Tavisha dan Sasa yang sedang menonton drakor, tiba-tiba memalingkan pandangannya saat Atlas meletakkan dua kantong kresek berukuran sedang di hadapan mereka. Dengan cepat gadis itu segera membukanya.

"Kok, pembalutnya banyak banget?" tanya Tavisha saat melihat dua kresek itu yang isinya berbagai macam merk pembalut.

"Gue gak tau pembalut yang ada sayapnya itu kayak apa. Jadi beli semua aja. Lagian, emang pembalut punya sayap ya, kayak burung?" tanya Atlas polos.

Tavisha dan Sasa menepuk jidatnya karena kelakuan Atlas yang menyamakan pembalut dengan burung.

"Eitss ... Lo udah bikin kita malu cuma gara-gara pembalut doang, kita sampe diketawain sama Mbak-mbak kasirnya tadi," sahut Giandra yang langsung membuat dua perempuan itu tertawa.

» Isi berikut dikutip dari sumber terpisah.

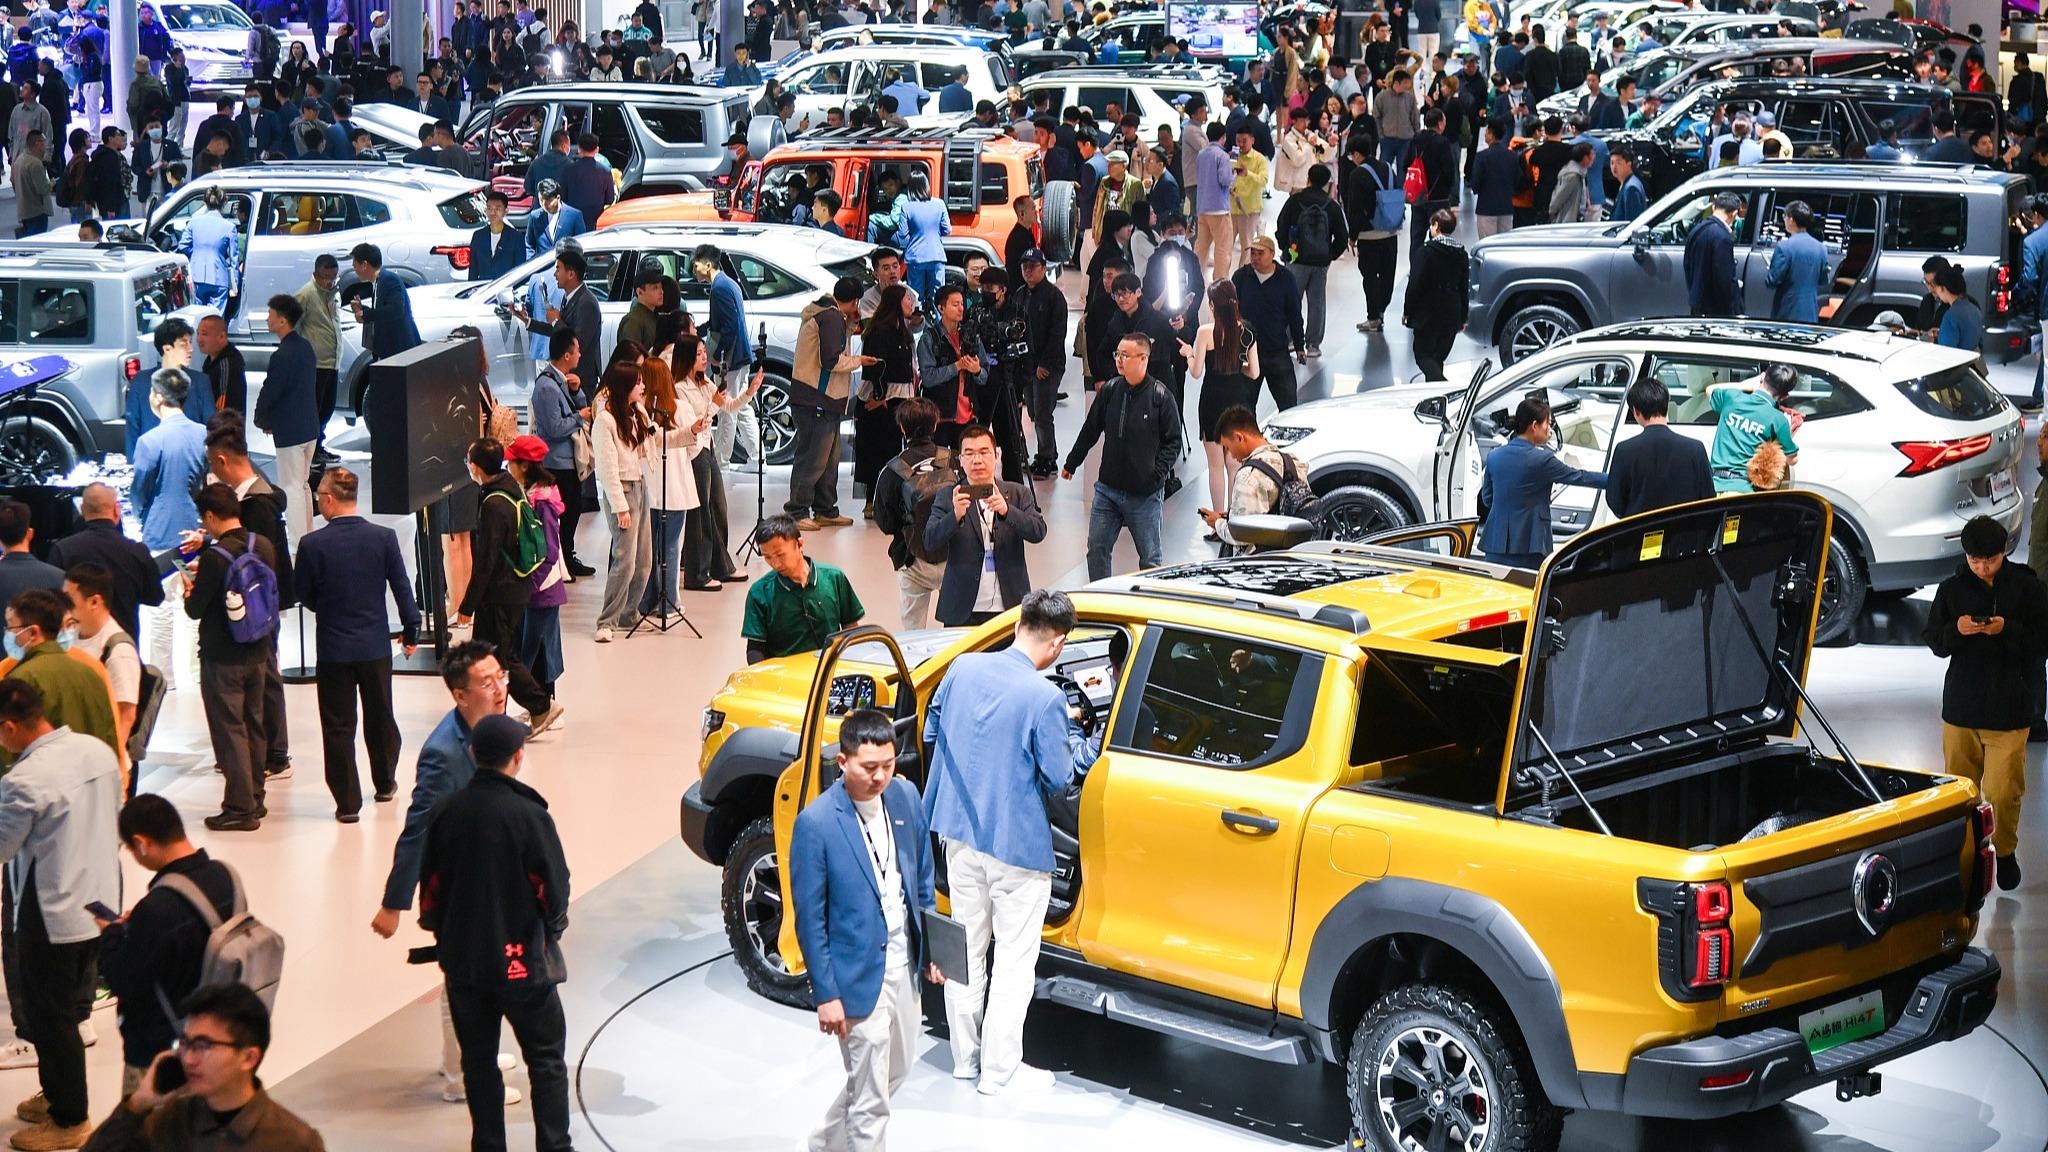 نمایشگاه خودروی پکن اعتماد جهانی به بازار خودروهای برقی چین را بیشتر کرد

"Puas ya, lo berdua ngeliat kita menderita," gerutu Giandra.

"Eh ... tapi makasih ya! Walaupun ini kebanyakan gue bakal bagi dua sama Sasa. Buat stok, iya enggak, Sa?" tanya Tavisha yang langsung mendapat kedua jempol dari gadis itu.

Tanpa mereka sadari di balik pintu ada seseorang yang sedari tadi memperhatikkan interaksi mereka sambil mengepalkan tangannya menahan amarah.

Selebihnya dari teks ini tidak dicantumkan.